> [PROBLEM REQUIREMENTS]: Aside from the pictures, copy the listing exactly.

> [DATA BELOW]:
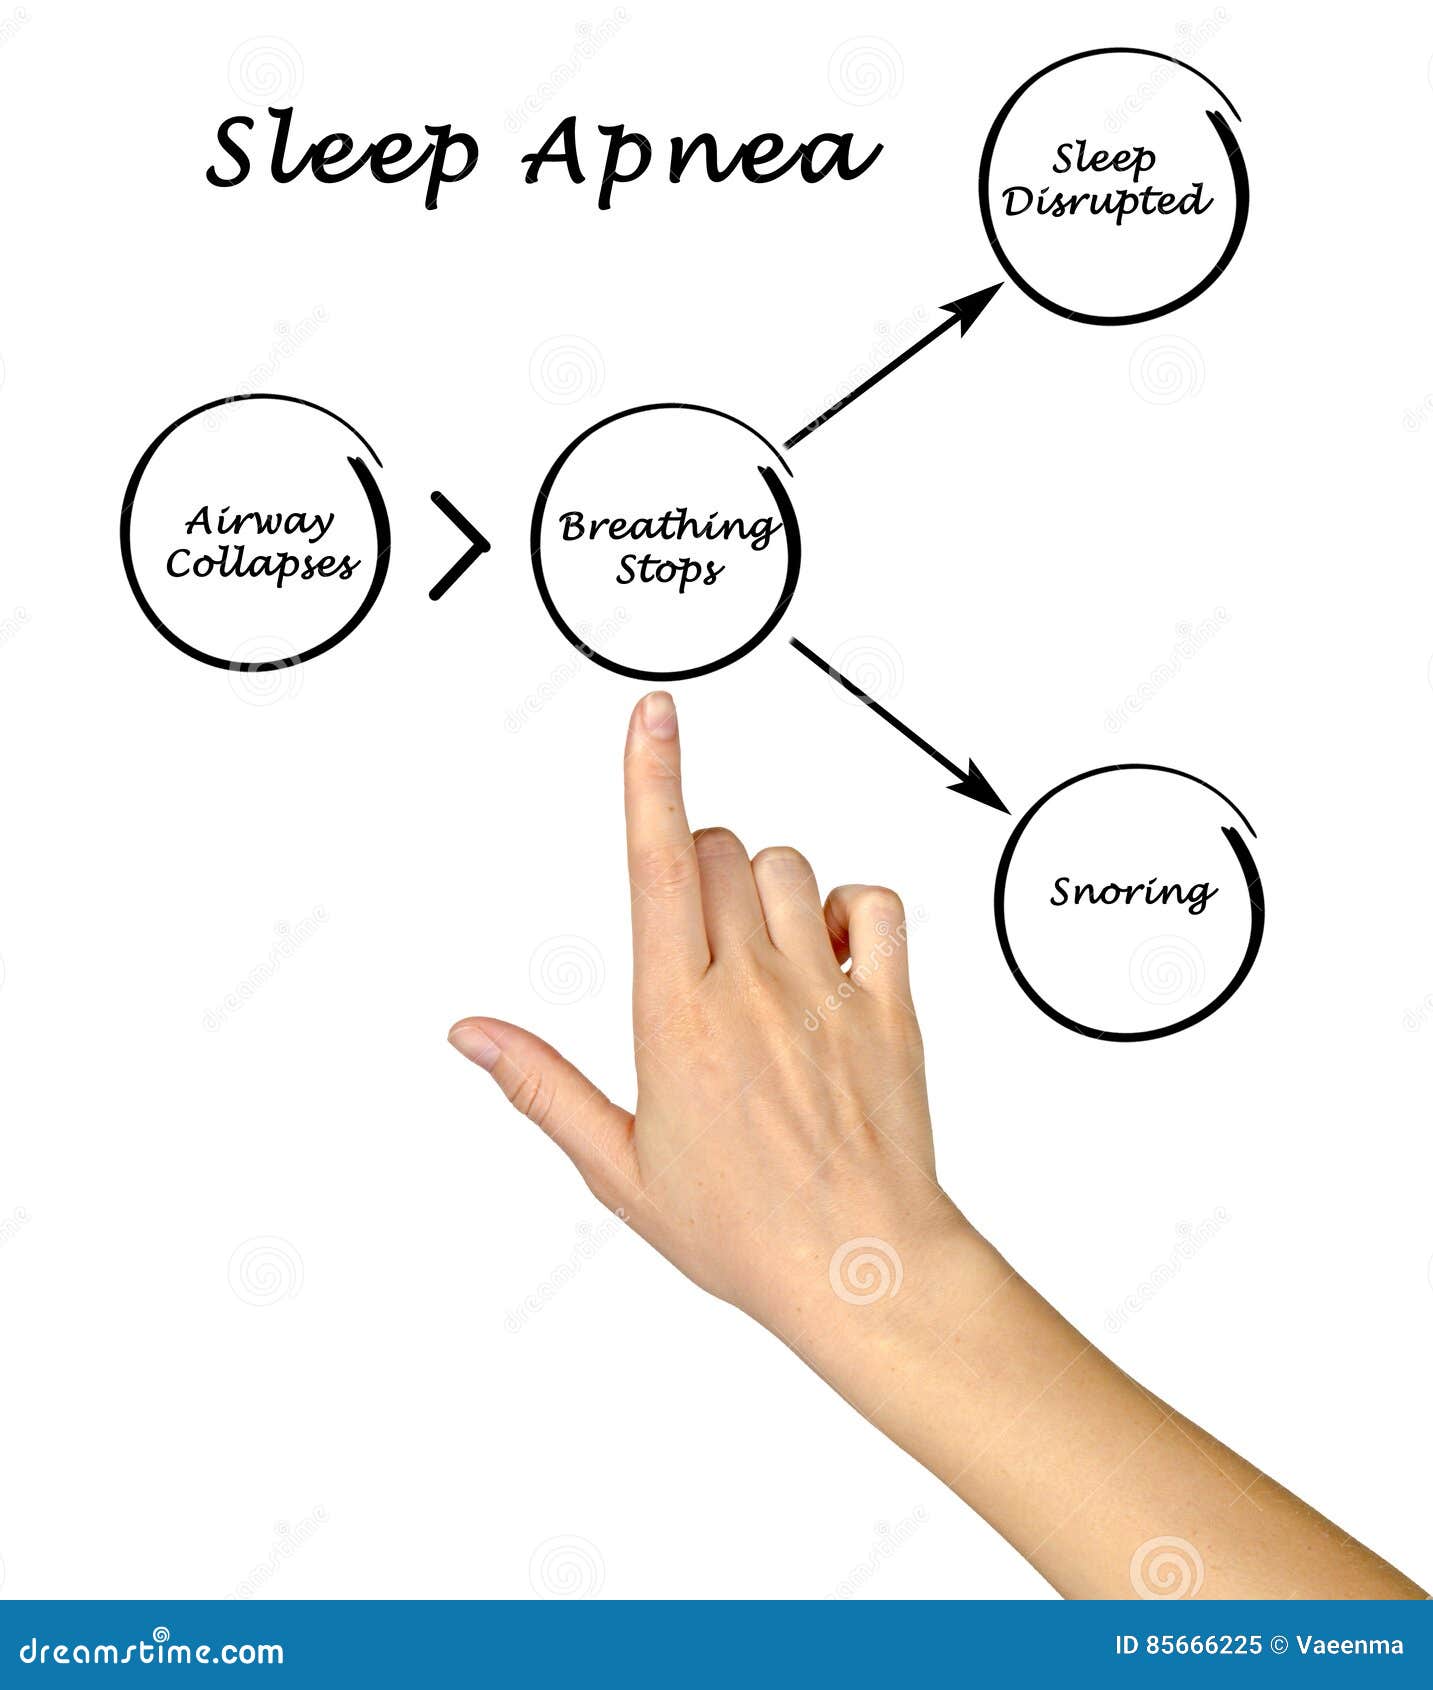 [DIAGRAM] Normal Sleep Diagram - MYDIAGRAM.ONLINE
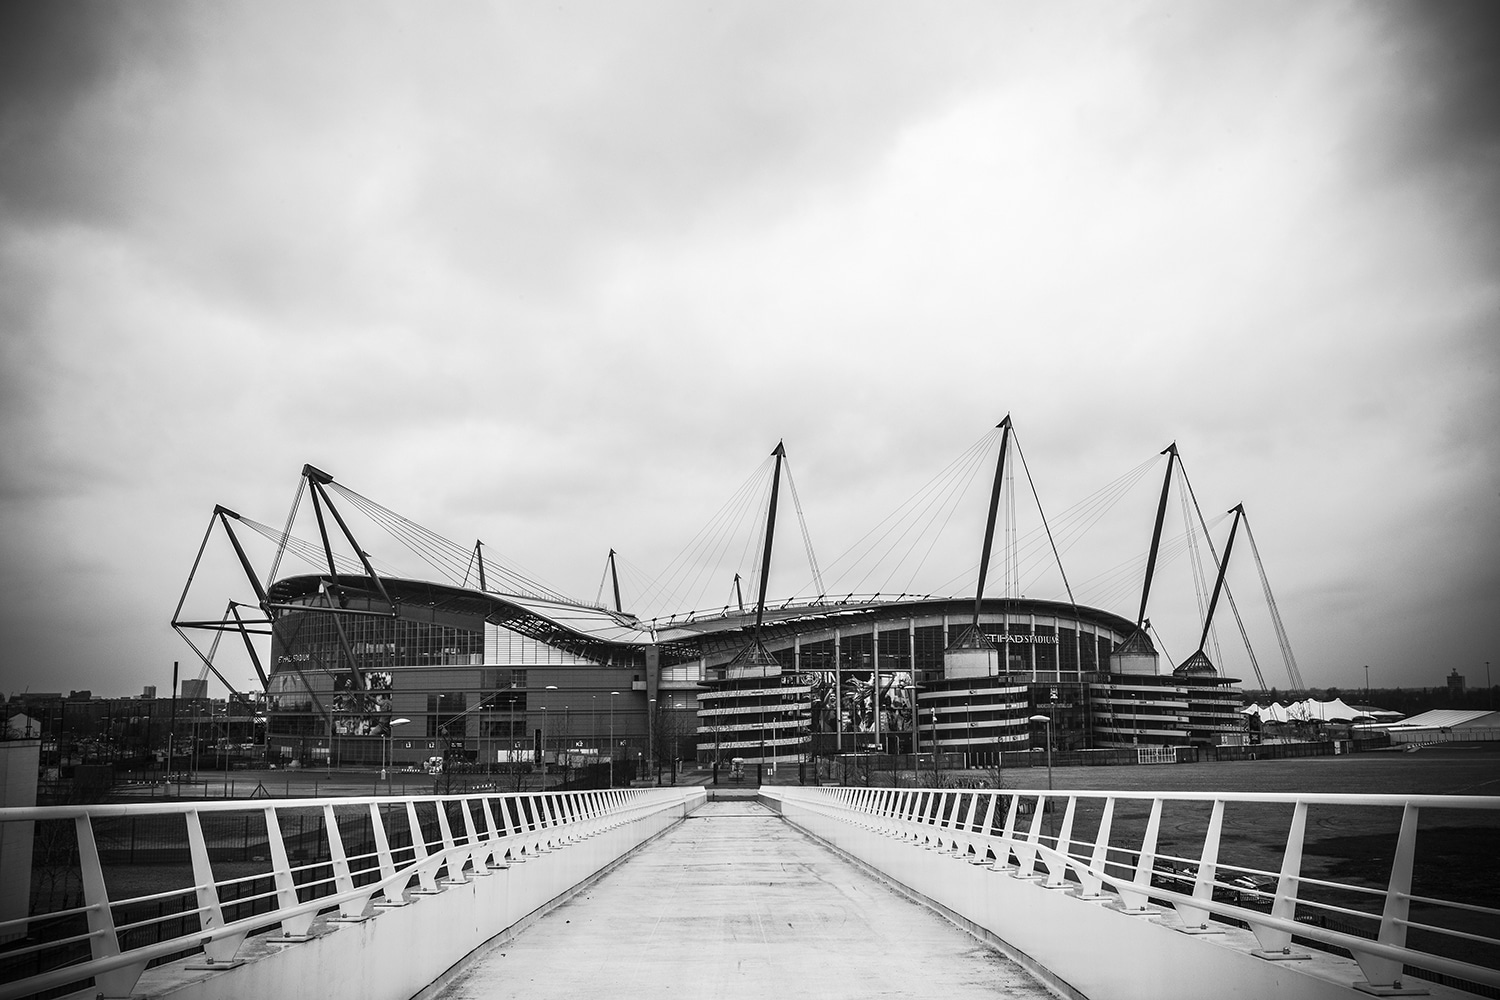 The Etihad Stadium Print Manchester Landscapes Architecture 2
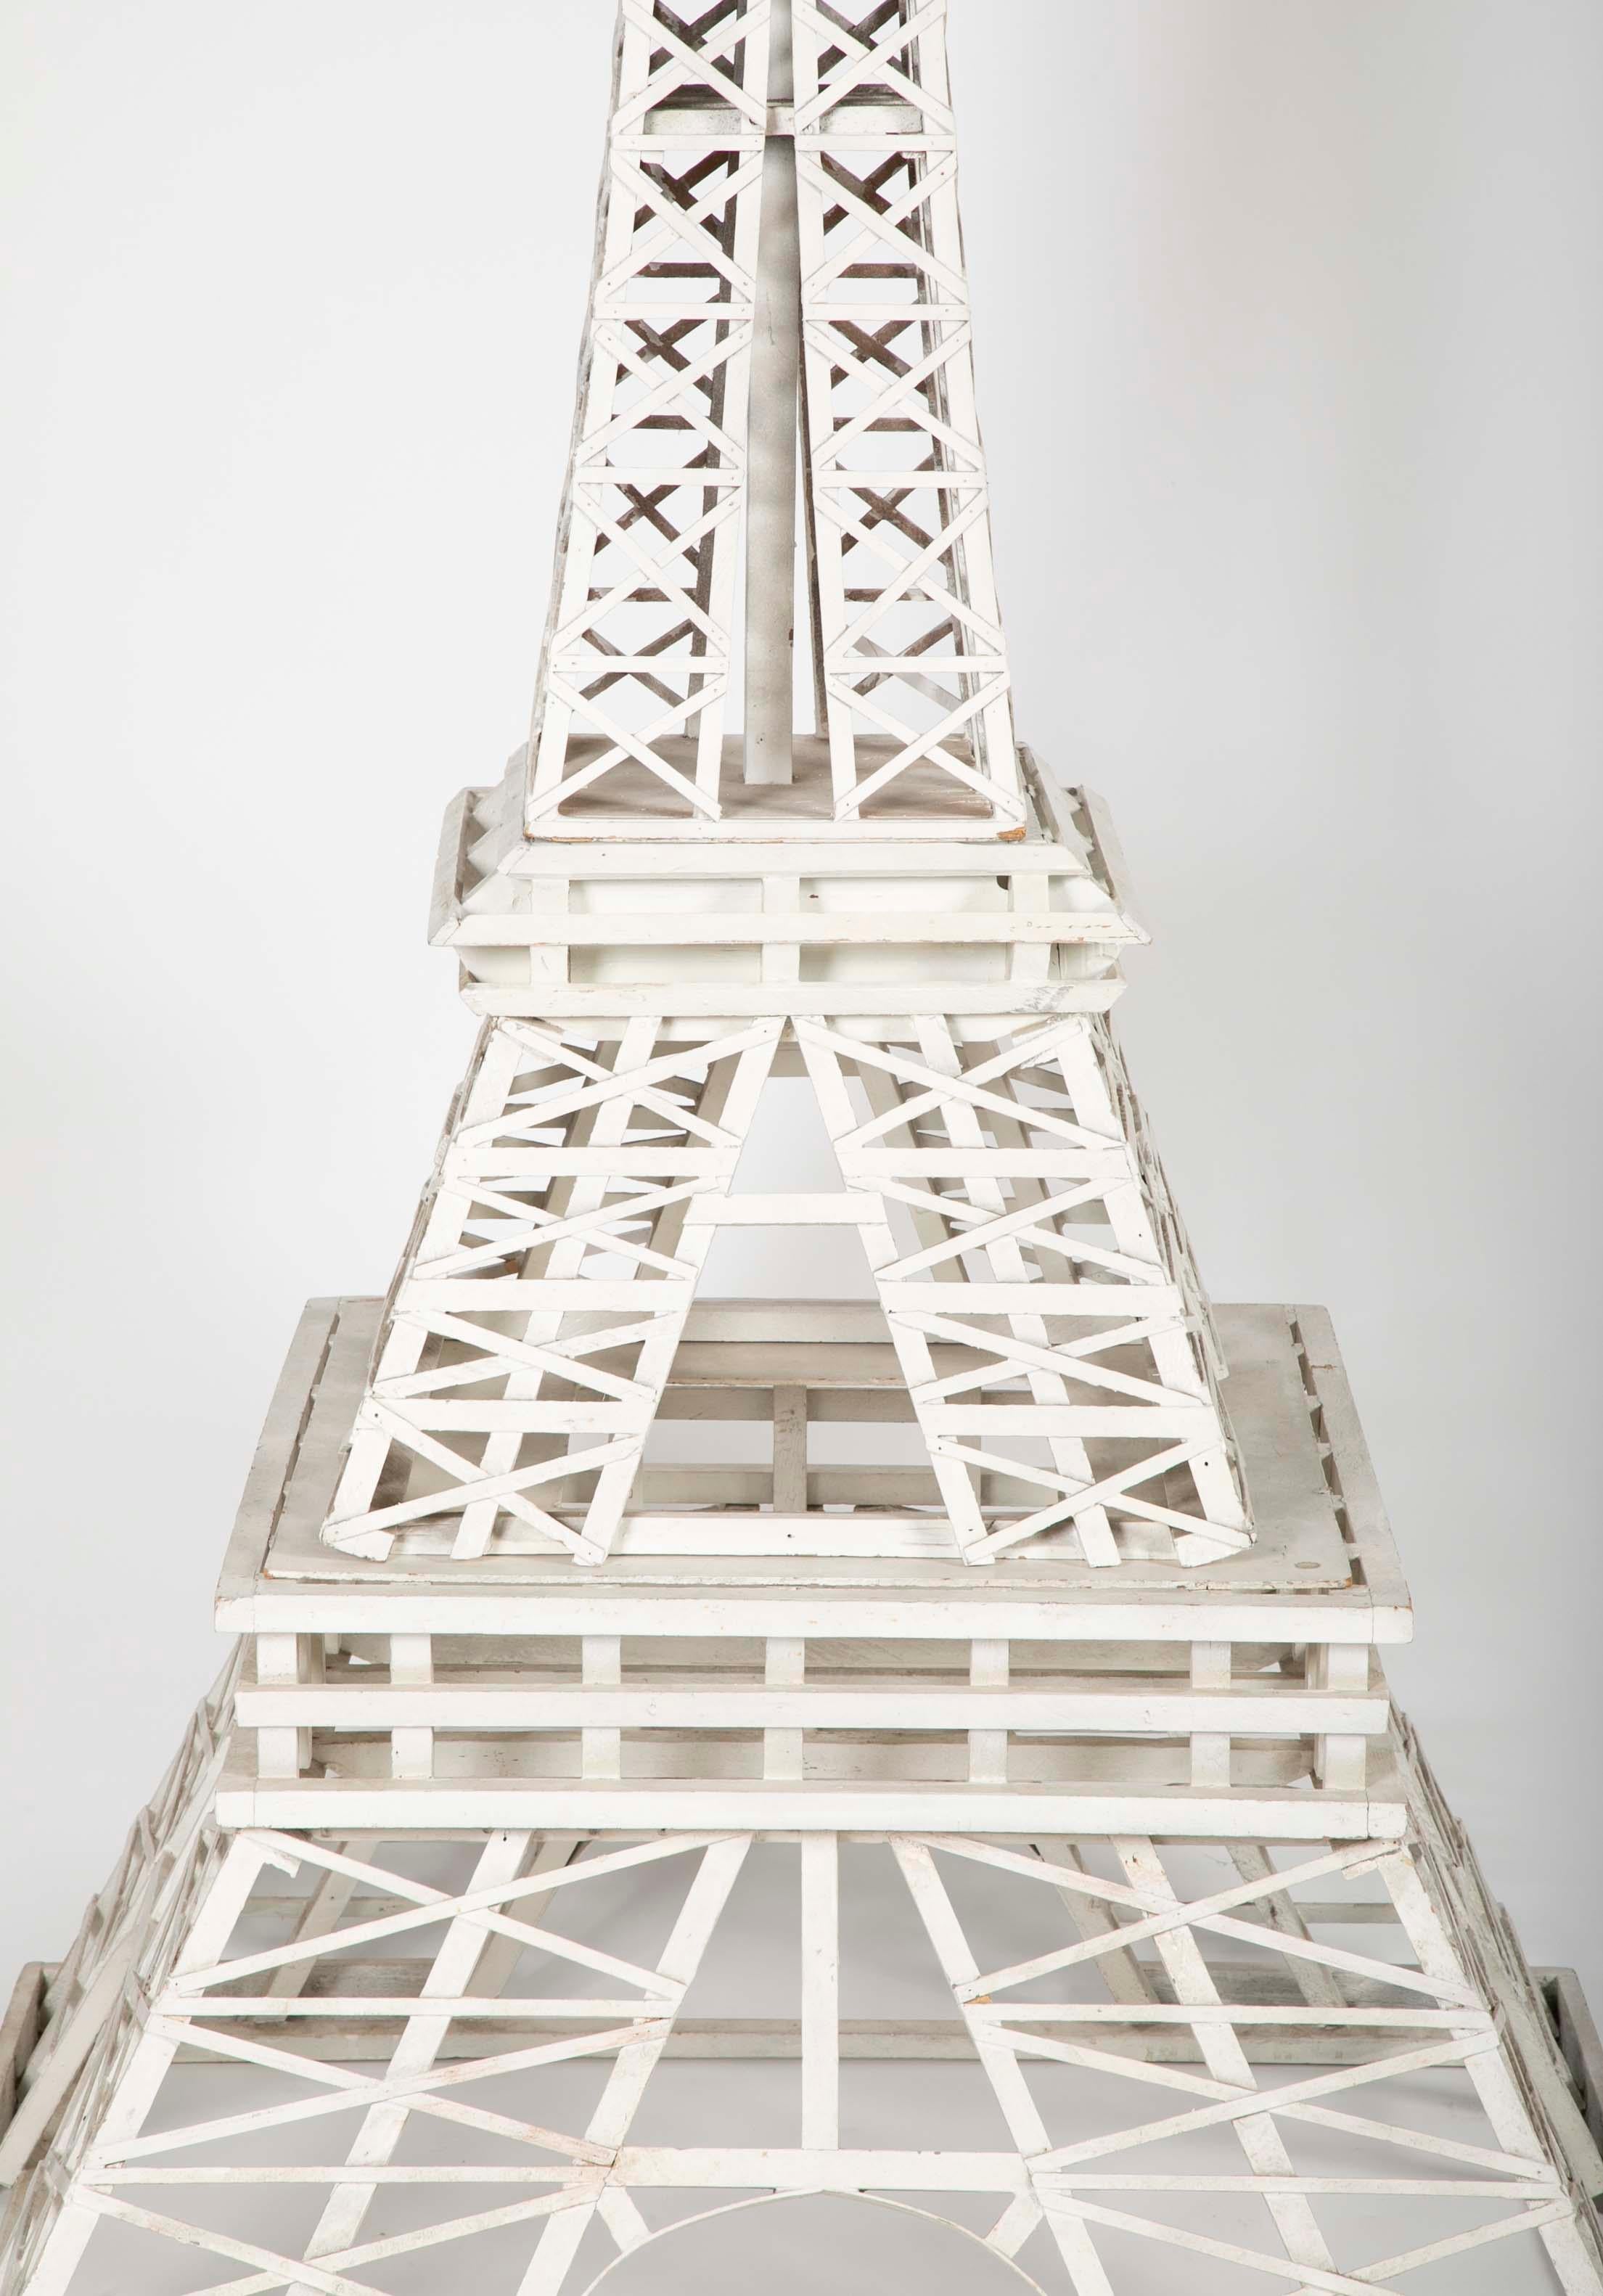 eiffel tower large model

> [TASK SOLUTION]:
 [DIAGRAM] Normal Sleep Diagram - MYDIAGRAM.ONLINE
 The Etihad Stadium Print Manchester Landscapes Architecture 2
 eiffel tower large model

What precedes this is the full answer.